⟨
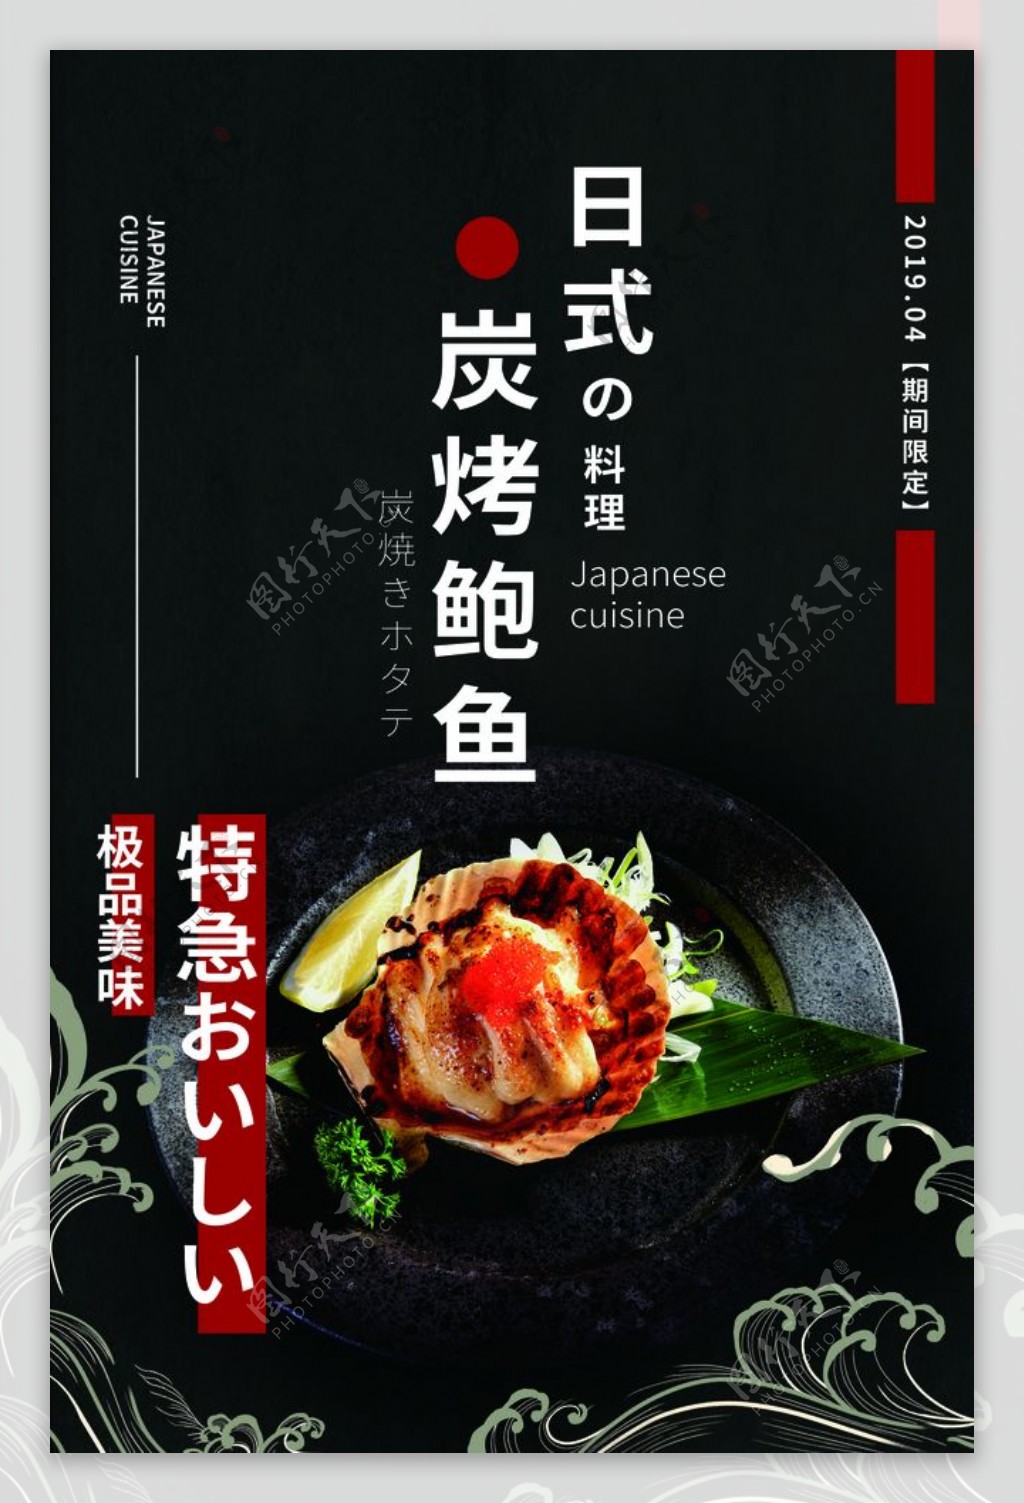 日式炭烤鲍鱼美食活动宣传海报图片
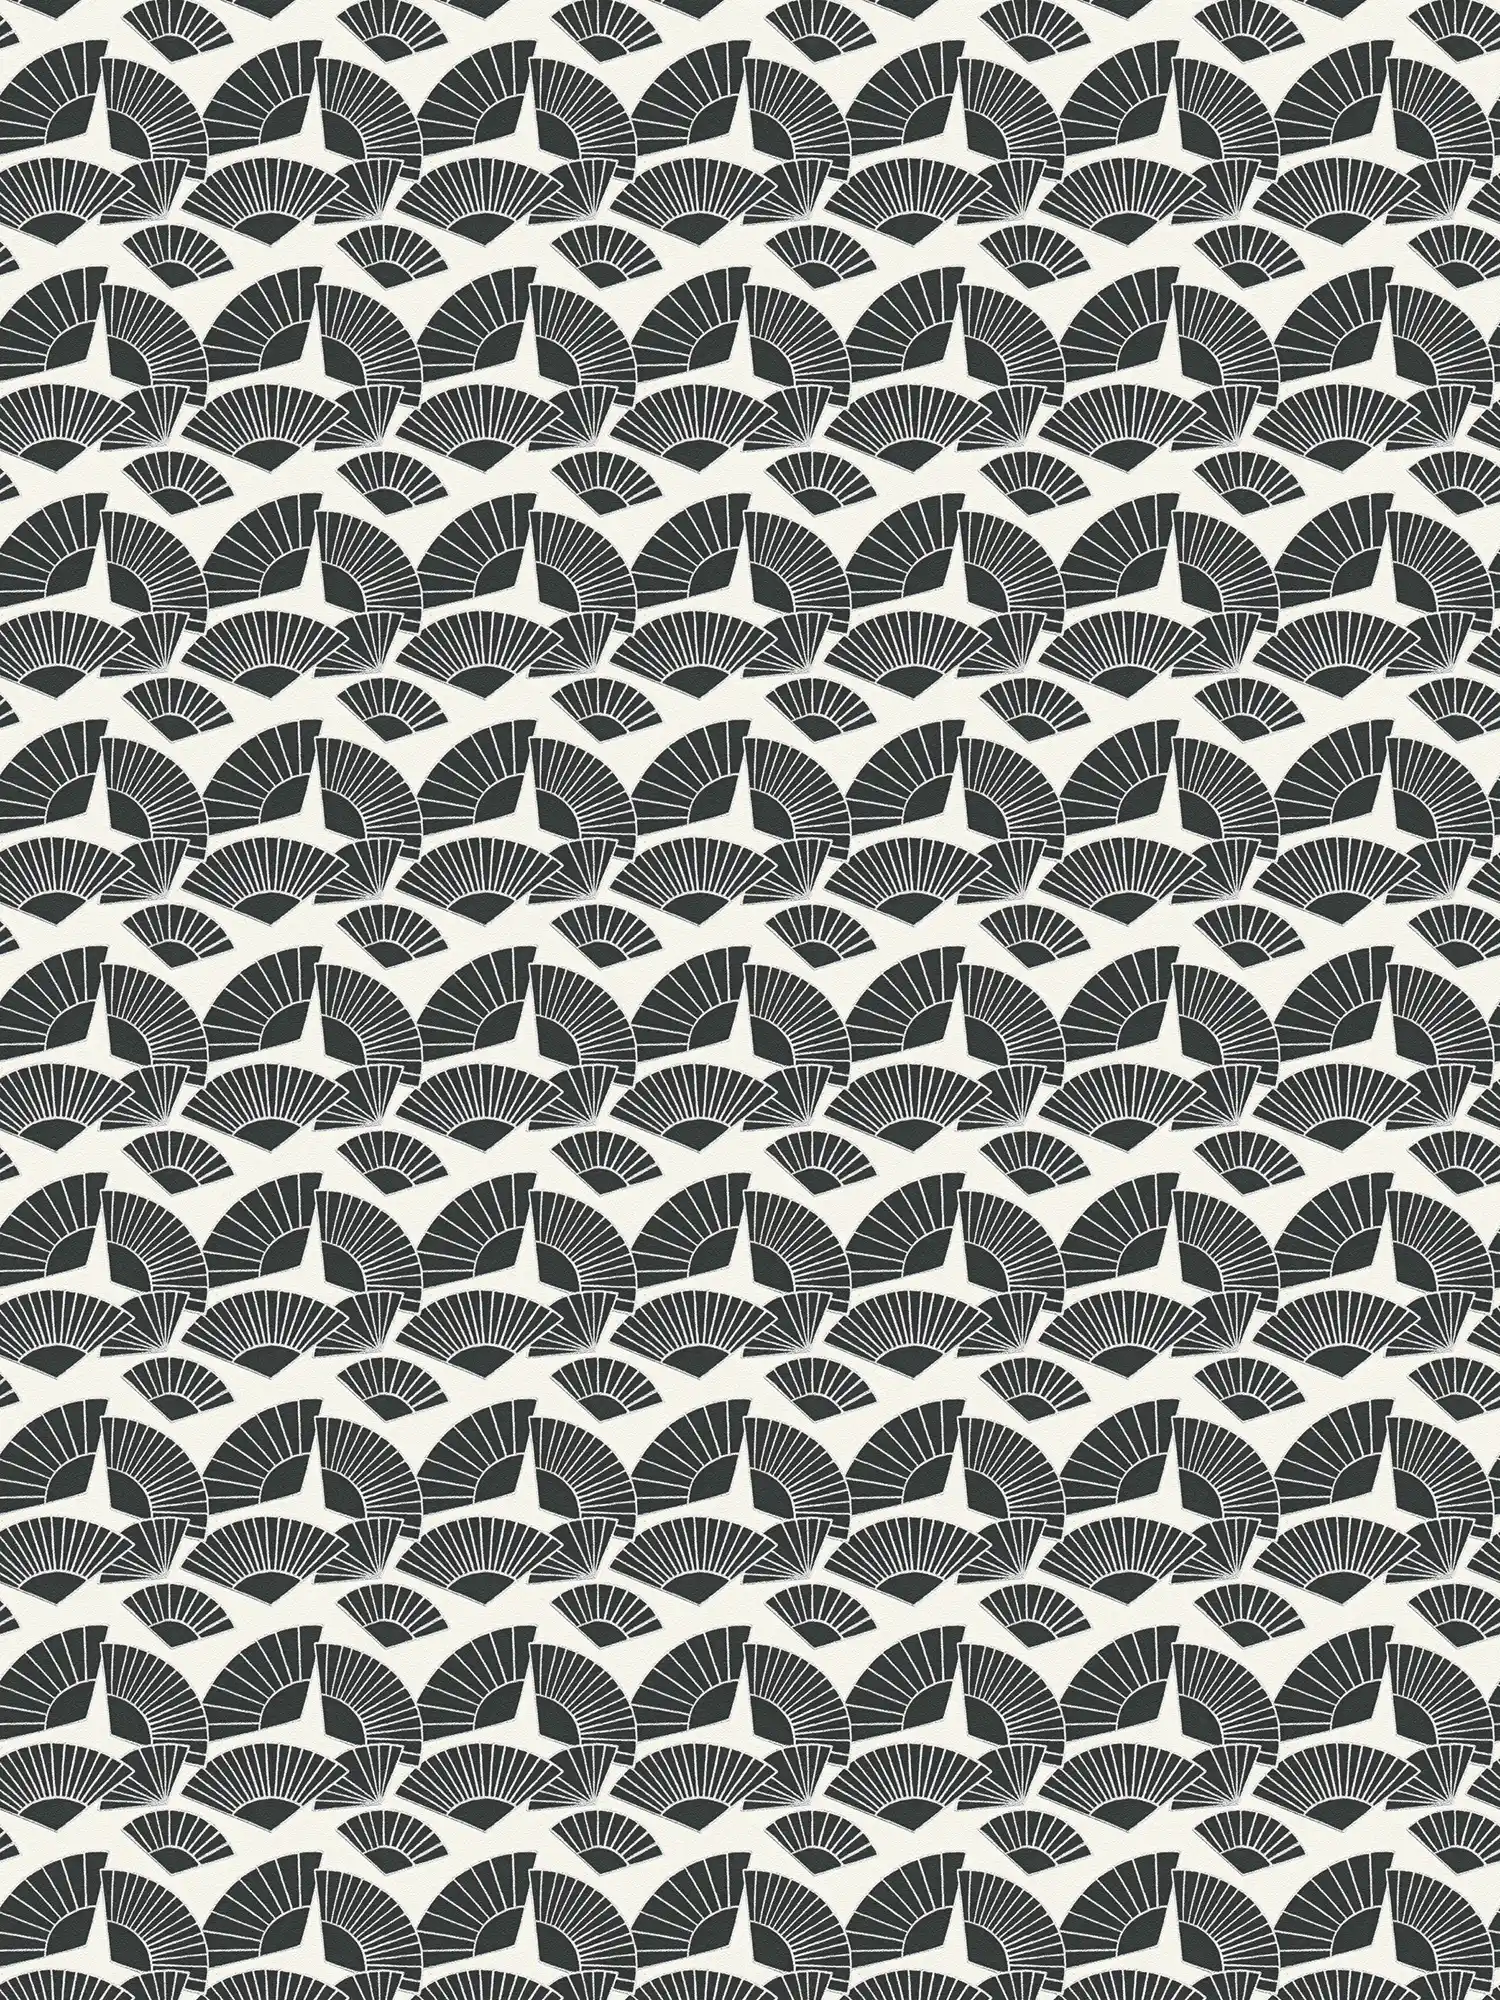 Tapete Karl LAGERFELD Fächer Muster – Metallic, Schwarz, Weiß
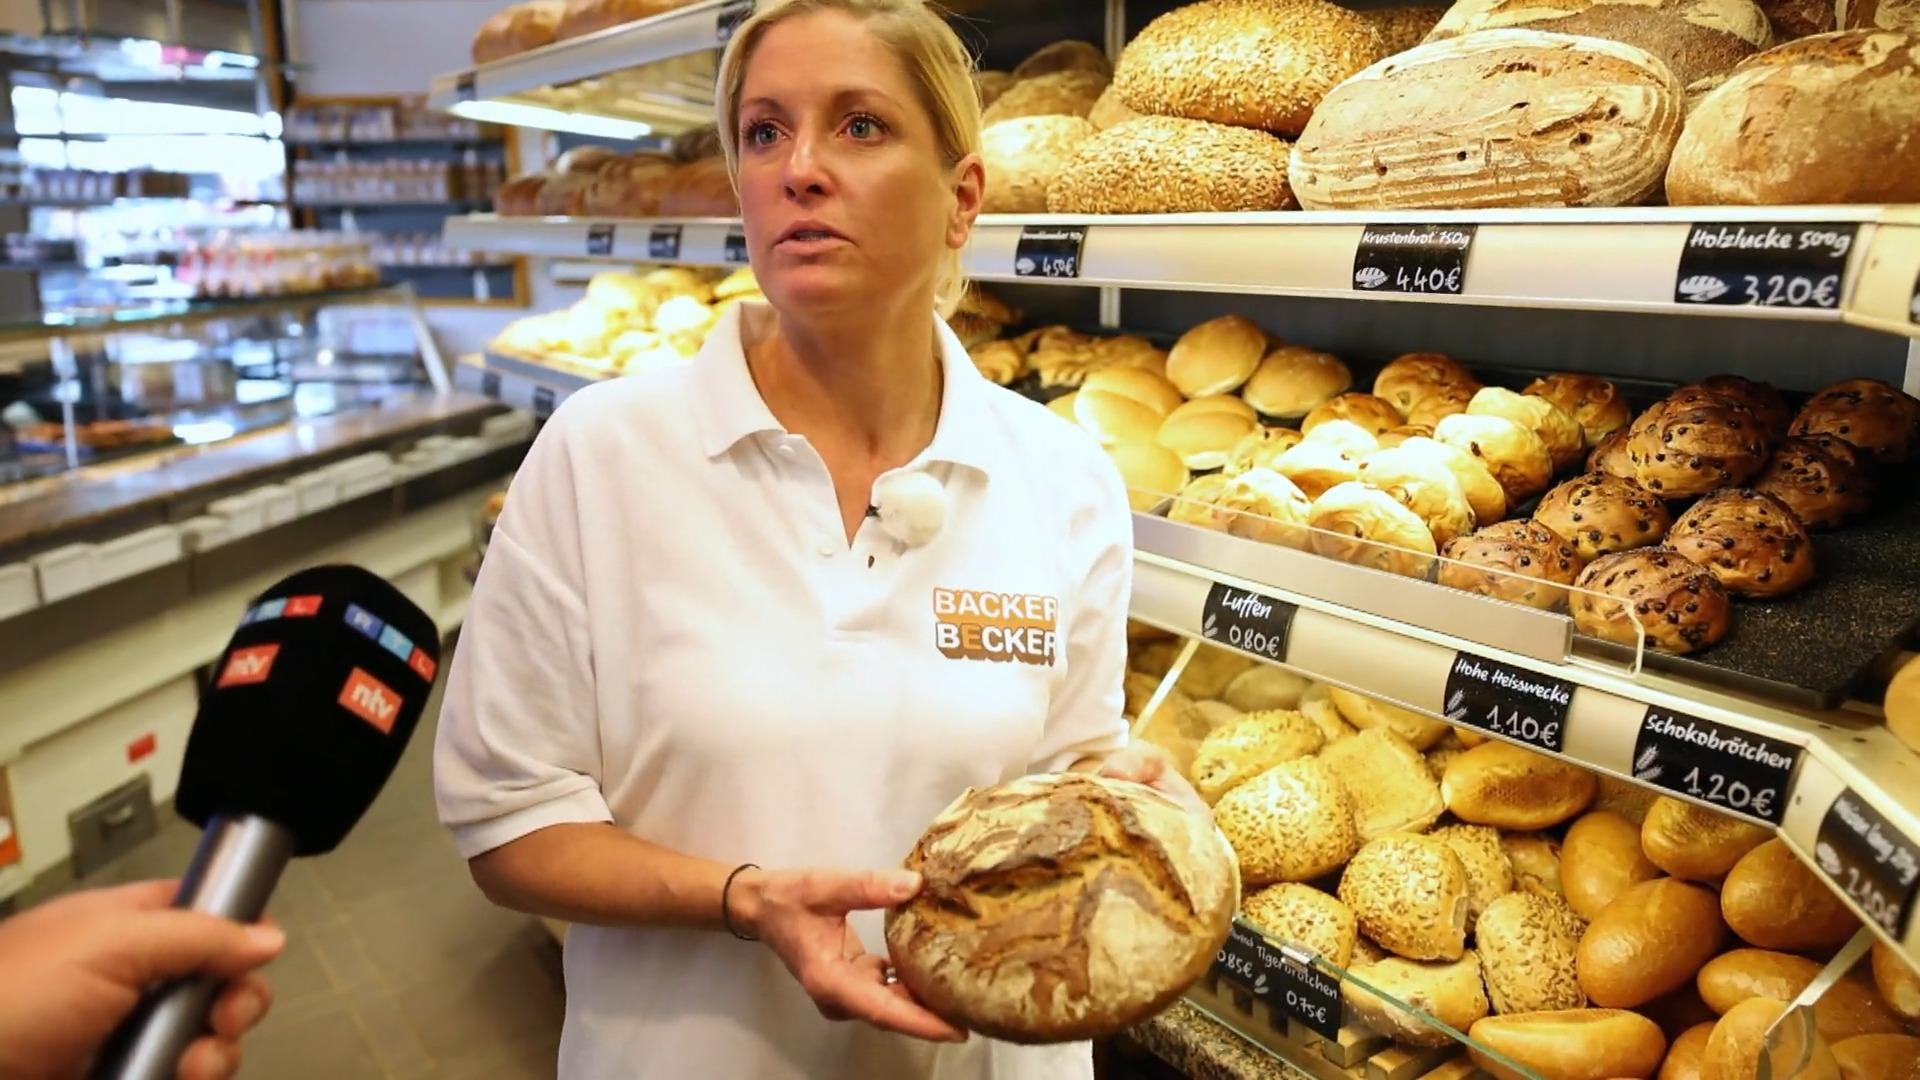 Bäckerei kämpft ums Überleben Steigende Kosten
⟩
**Aim of the task**
Where a picture appears, skip it and copy the rest of the data word for word.

**Result**
 日式炭烤鲍鱼美食活动宣传海报图片
 Tapete Karl LAGERFELD Fächer Muster – Metallic, Schwarz, Weiß
 Bäckerei kämpft ums Überleben Steigende Kosten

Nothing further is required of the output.